I traveled North in ice a week ago yesterday. I came back to green hills, birds in trees, daffodils, new blossoms. It’s not too hot. It’s not too cold. The air is not infested with mosquitoes, not yet at least. It smells vaguely of chamomile and vanilla.
Spring has sprung, momma. Spring has sprung. The campus of Ole Miss is gently warm. Students have exchanged parkas for shorts. Walking around is a stroll, not a dash to avoid frigid pellets.
For those who haven’t already done so, it’s a good time to fall in love.
As Tennessee Williams more or less remarked, young people love as if they were inventing love. The students here, all toned, fresh-faced, and tentatively swaggering, hair-flipping, giggling, are out in due season like the blossoms. They are all so very pretty. Even the nervous ones are pretty.
The Greeks would have told you that Persephone had emerged from the depths of Hades once more. The country singers tell you that a girl in tight jeans is swinging her hips as she walks slowly by their truck, looking back with a longing gaze. I tell you something in the middle of these two declarations of what is going on here.
Here is a poem from my forthcoming collection, out this April — The White Trash Pantheon — about this time of life and time of year. It originally appeared in Connecticut Review.
PERSEPHONE’S CONFESSION
Momma, I lied to you.
I wasn’t kidnapped. He was driving around town
For weeks in his silver flat-bed with his buddy Chiron
And that old, ugly hunting dog with the funny name.
He was giving me what you call the evil eye – but it’s not evil, Momma!
It’s just got that new math in it –
Me minus you equals negative me, baby,
You minus clothes equals me on my knees, sugar,
Me plus you equals you plus me equals me plus you plus me plus you –
And then one day, Chiron and his dog were gone, and he opened
The door. I hopped in.
One true thing I told you – the Earth split open, and he floored it.
Momma, I know it was wrong, but you wouldn’t understand –
He’s a mountain man, and winter is friendly to him. I come and go
As I please.
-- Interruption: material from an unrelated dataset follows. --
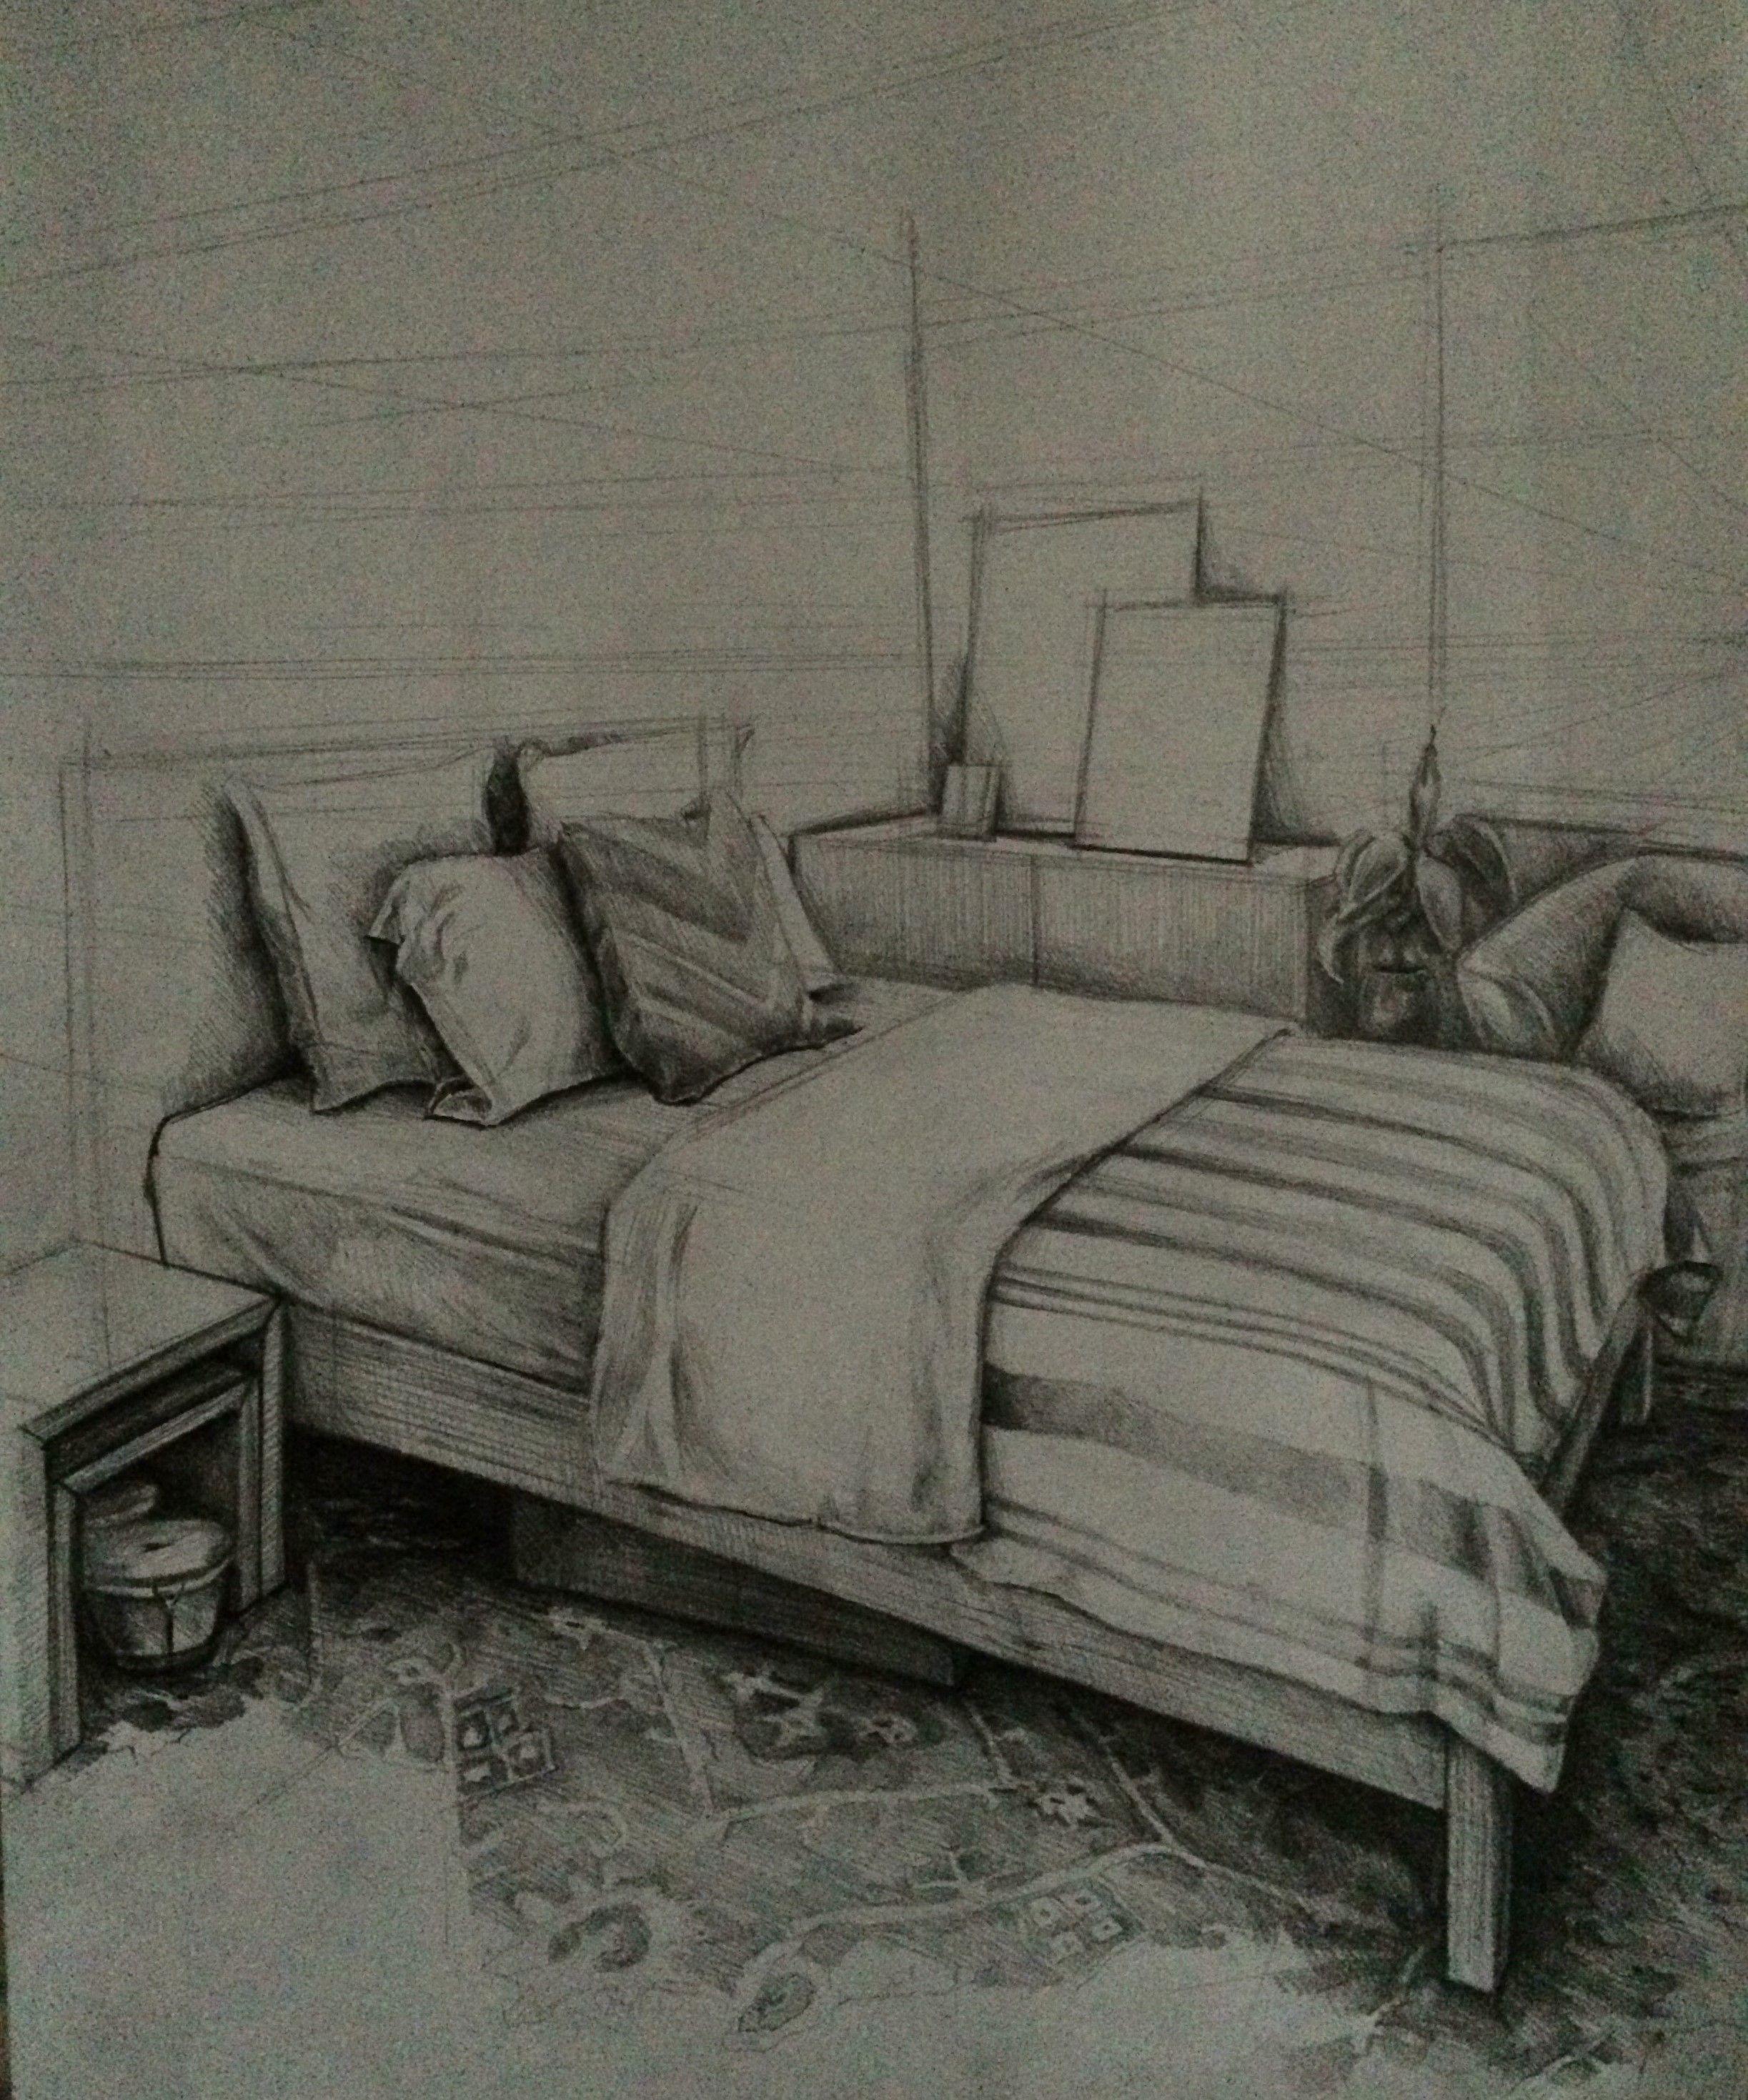 bedroom designinterior designcarpet detaildrawing bedroom designinterior designcarpet

The thing about the pomegranate seeds, I made it up.
I get plenty to eat when I’m there – Can he ever cook!
I help him at his cat fish fry shack – you know the saying:
Out of the frying pan into the – but I don’t mind. I like it.
The oil spatters, and my arms burn a little, and I shiver.
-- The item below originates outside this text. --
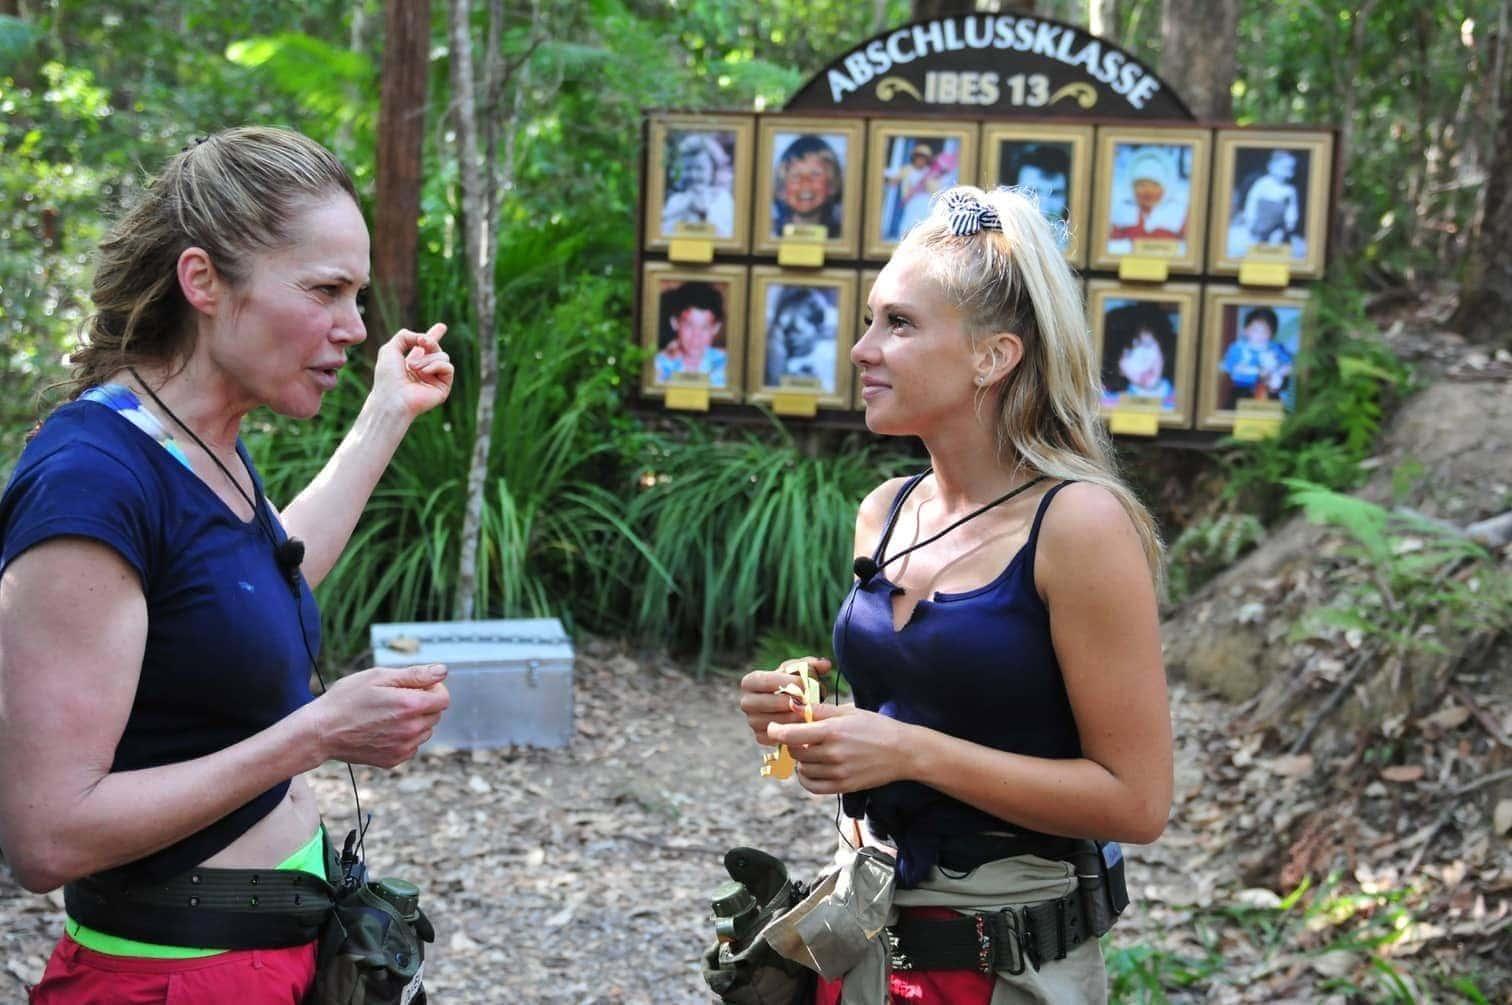 """wenn ihr die Dschungel-Galerie korrekt vervollständigt habt.""""</p> Foto: TV NOW / Stefan Menne"""

He feeds me his funnel cake, which is thick and buttery.
His heavy fingers on me, with their rough skin – why do
You think the new buds are so pink and perky this year?
Why do you think the shallow lake is writhing with
New schools of golden guppies? Spring has sprung, Momma.
Momma, the netherworld, it’s only that way because
He doesn’t know divinity – that’s why the walls are bare.
He thinks it’s all a plot to confuse the game season tourists,
All a myth, especially what they say about him. He
Growls at me, “Try me, baby! I like religious arguments!
I believe in math and science. I believe in my arms for
Heavy lifting, honey.” Then he just grabs me, and
The talking stops. What’s the point of blah-blah with
Catfish sizzling and the sailor’s salt-mouth suddenly
stopping its cursing to nibble instead? I don’t even
Mind washing the grease off everything afterwards.
My hands are always busy, and then he looks at me
With the new math eyes – you bent over the sink times
Three equals me over you over and over again, baby,
Me over you equals never times infinity, beautiful –
Momma, he wants to meet you. He wants to come over
After he closes his kitchen after dinner. Oh, please!
Maybe you can convince him about the God thing.
Momma, I’m sorry I lied. It’s just that you think
Spring is all lilies, but it’s really about the mating.
________
This is why Mississippi is so lovely this time of year. Love is being reinvented, often transgressively.
The air is filling with bird cries. The warm air has brought out the frogs. The South awakes from her long slumber and shakes her long hair. She is looking back at me as I drive by like she wants a ride in my vehicle down some back road. I am opening the door like a singer at the Opry, just for her.